Условия труда ведь надо проверять не реже одного раза в году. А в Нукусе и на Арале, несмотря на то, что озеро практически высохло, еще хватало промышленных предприятий, особенно в подчинении Газпрома. Именно газпромовцы, запросто, особо не напрягаясь, закидывали настырного проверяющего, на Казахский кусок Арала и даже подбрасывали до Каспийского моря, где организовывали нормальный отдых, не только ему, но и подругам, которых Денис Никифорович изредка брал с собой, нагло эксплуатируя выделенный то АН-Второй, то вертолет.

«Сейчас самое время заняться подводной охотой, особенно на Арале, местных озерах и особенно на сбросах*. Там рыба прямо кишит, как в садке магазина «Океан», — сообразил Вася, в голове которого рядком выстраивались чертежи самодельного подводного ружья, ласт и маски.

— Многие люди утверждают, что Хорезм — означает «рыба-мясо», так как на реке Амударья, проходящей через территорию всего государства Узбекистан, издавна люди ловили рыбу, и она остаётся главным блюдом в хорезмской кухне до сих пор.

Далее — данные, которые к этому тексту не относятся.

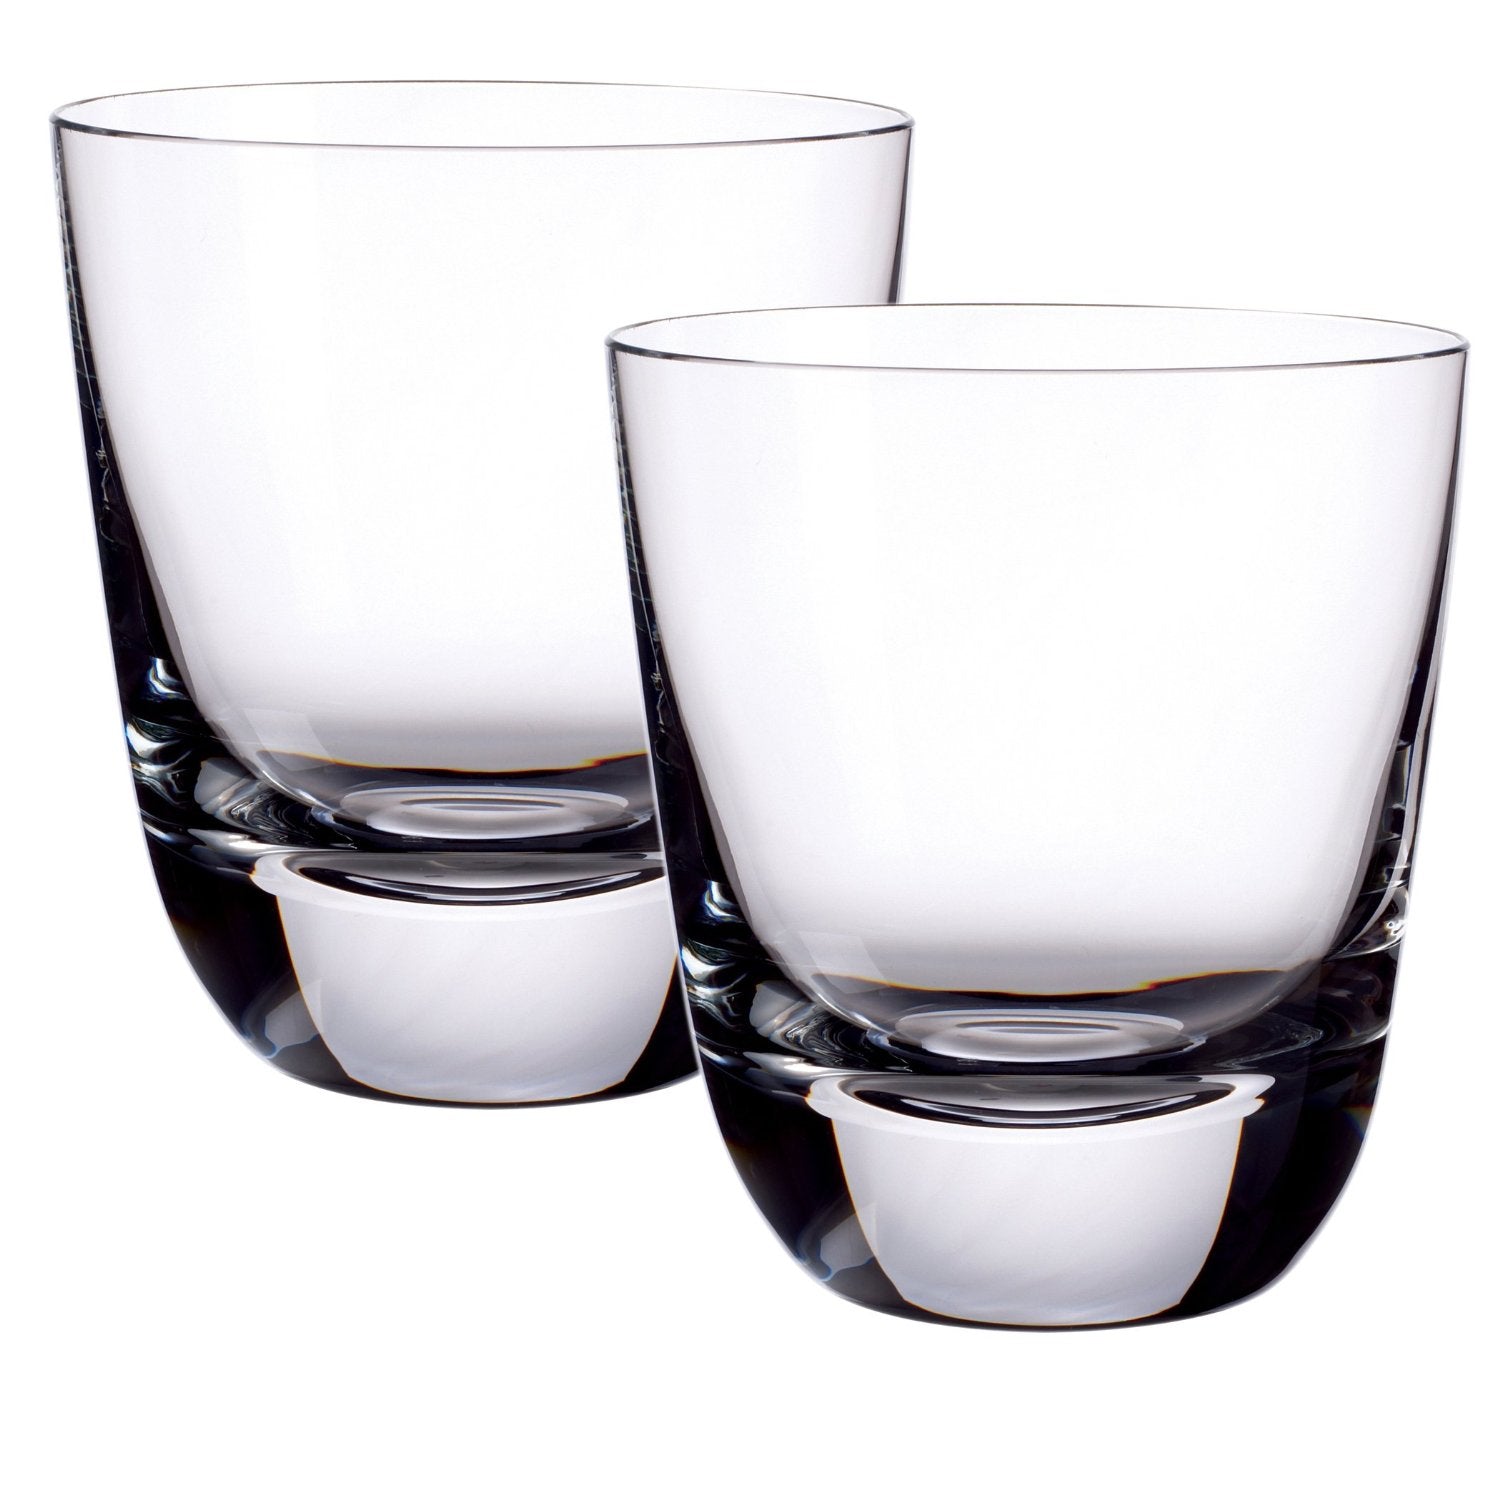 Villeroy & Boch American Bar Straight Bourbon 4-1/2 Inch Double Old Fashioned Tumbler, Set of 2

Да и по берегам Дарьи много пасется животных, начиная от выдр и кабанов, до тигров, которых видели недавно. И не в единственном числе! А тигр мяса много ест! — наконец, сумел вставить слово Блатной, недовольно покосившись в сторону Гайрата.

— Вы очень интересно рассказываете! Вам надо писать исторические книги! — похвалил Вася, бегом перебегая на свою койку, по пути вытираясь новым вафельным полотенцем, принесенным толстой завхозихой.

Минута, и Вася снова оделся, теперь уж во все новое, и нырнул под теплое одеяло, отмечая, что за окном уже совсем стемнело.

Блатной, тем временем, продолжил рассказ:

— Религией Хорезма в те давние времена, примерно полторы — две тысячи лет подряд, был зороастризм, или маздаизм — его следы есть по всему Узбекистану, но здесь особенно заметен его дух, который был широко распространен именно в Хорезме.

— Я тебя заложу, скажу, что ты ведешь религиозную пропаганду! Если ты не дашь нам с Васей тысячу рублей! — сходу заявил Гайрат, со злобой смотря на Блатного.

— Я ничего не слышал. Мне в уши попала вода! — отозвался Вася, прячась с головой под одеяло.

— Тогда мои корефаны вырежут всю твою семью и скажут всем в городе, что ты пидарас! И всем подставляешь свою задницу! Опозоришь не только свою семью, но и весь свой род! — зло пообещал Блатной, надсадно закашлявшись.


Глоссарий к четвертой главе

Обрез[27] — любая металлическая ёмкость для жидкости (оцинкованное ведро, таз, кастрюля) морской жаргон.

Кичкин кутак[28]! — маленький член! Узб яз

Фрик[29] — урод. Узб яз

Тохта гап[30]! — Прекрати разговор! (пустую болтовню) узб яз. Сброс[31] — местное название слива оставшейся после полива полей воды, которую просто сбрасывают в пустыню, так как возвращать обратно в реку очень дорого и не рентабельно, с точки зрения собственников.

Глава пятая

Странные и совсем не дешевые подарки Блатного.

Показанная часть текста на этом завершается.